There are people who let the events of their lives bring them down—and in some cases, that is rightly so. I mean, it would be expected to have a fairly sour outlook in those cases. But there are people who no matter what comes their way, they seem to carry no weight on their shoulders. They operate differently because they see the world differently. Their training is to see the light no matter how dark. The secret is that in having that view point, they often become the light. Many people fear that and try to dim it. But those are the people hiding behind their fear. Those are the people hiding from the light because they fear they will either be exposed or see something they don’t want to see. And that can be true. But the truth, while painful in some aspects, is always exactly what it is. There is no room for interpretation—it is nothing more than the facts. It isn’t meant to be cruel, it is meant to level the playing field for all. We can be joyful in difficult times, and in sad times. We can take the challenges and see the good. But we don’t have to let the events of our lives define how we feel—even if we’ve felt that way a long time. We can change that viewpoint. The light isn’t meant to hurt us—it is meant to bring the truth to the surface for all to see. We don’t always see the results or the full picture. But we always have our faith and can choose to move forward with natural good humor no matter how painful, no matter how tragic. Just have faith and optimism and belief in our survival as our character says. Cynicism will break us because it makes us brittle not strong. The ability to be hurt and remain soft is the mark of true strength. Don’t hide behind it–move gently and with truth and the view of the world changes.
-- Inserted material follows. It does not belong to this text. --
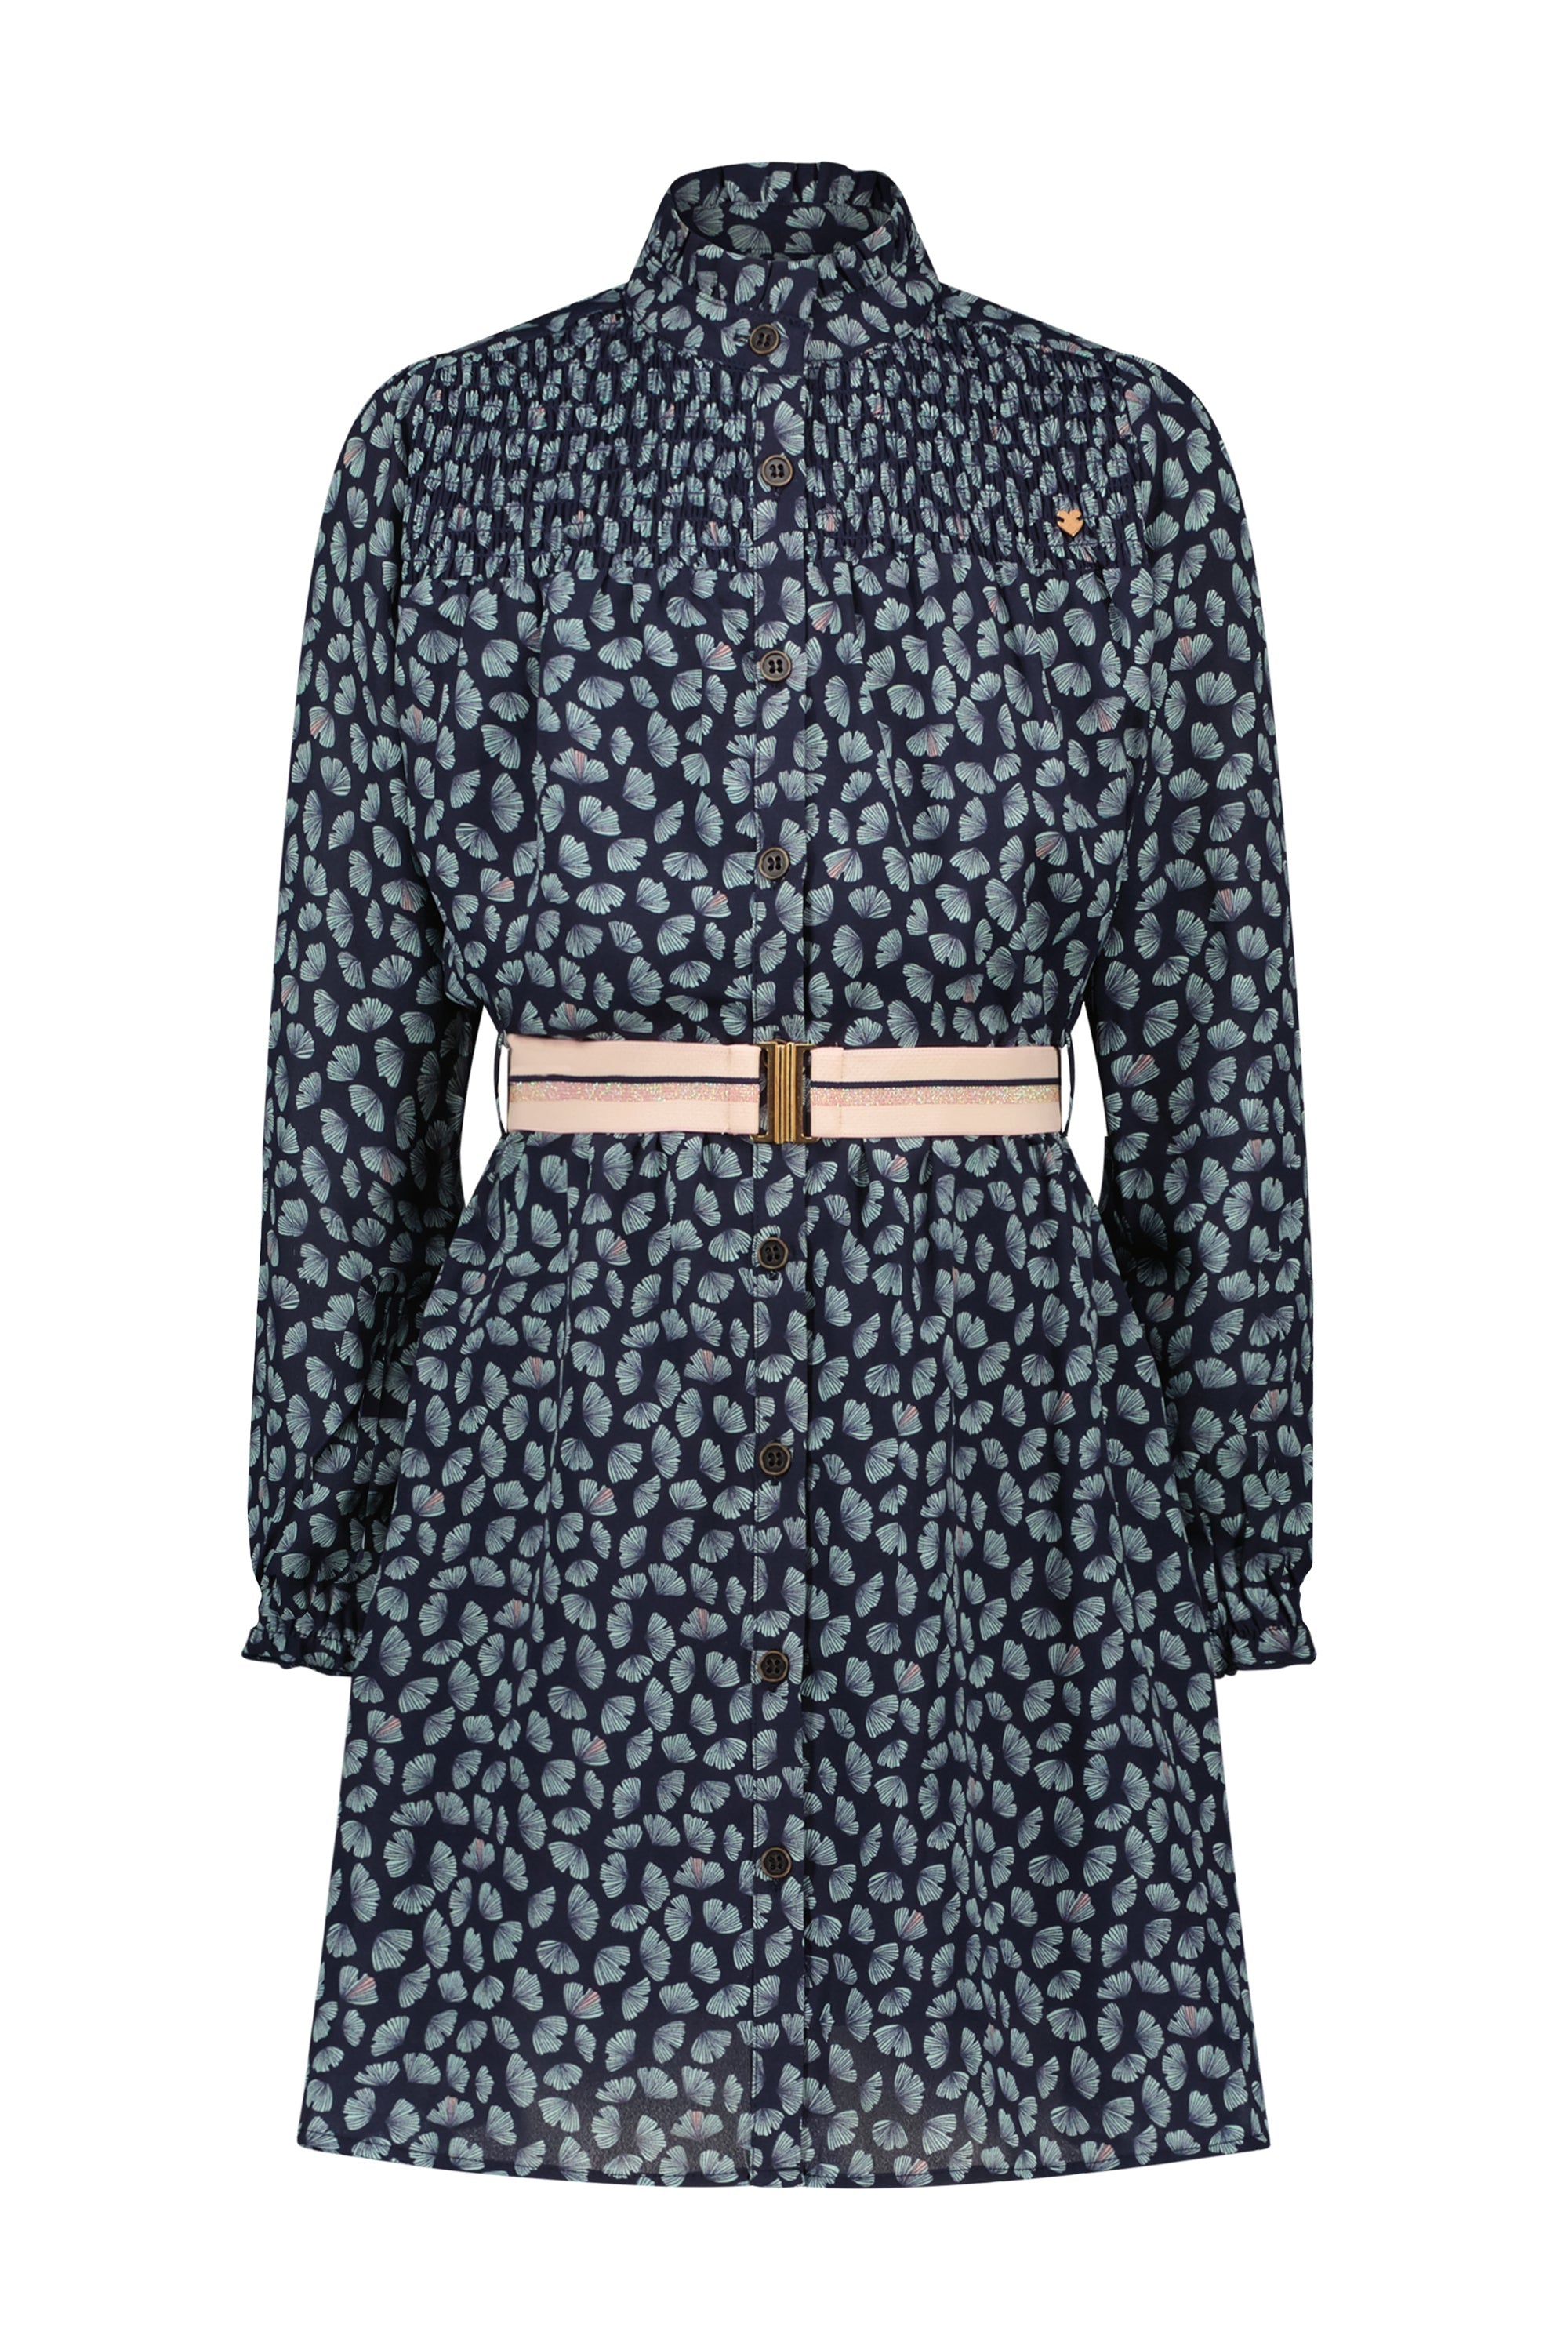 Meisjes Milau button up dress with smock details+elasticated belt van NoNo in de kleur Navy Blazer in maat 134-140.

Today’s cards stuck out to me so let’s dive deeper. The cards (from Gabby Bernstein and Micaela Ezra, the decks I use every day 😊) were: ‘I slow down and listen to the guidance that’s available to me; The moment I embrace my peace within and surrender the outcome is the moment that the universe can get to work; I am a lightworker in disguise, I don’t have to talk about it, I can just be it.’ I immediately wrote the following: Sometimes we just have to stop. Stop talking, stop thinking, stop pretending, stop proving, stop controlling, stop being everything we are not, stop being who we are told to be. Stop all the doing, being anywhere but where we are. But we can’t do nothing. When we stop, we must listen. We must surrender all we know (or think we know) and allow the universe to guide and carry us to the point we can stand on our own completely in who we are. Only in our fully authenticity can we understand the freedom of allowing, because that is when we have allowed ourselves full communion with mind, body, soul, and source. Lately we’ve been doing it all (I know it isn’t just me) and it all seems to lead nowhere, running against the current. So today we slow, stop, and listen to guidance….surrender the doing in favor of hearing. Who we are will become clear and we simply be.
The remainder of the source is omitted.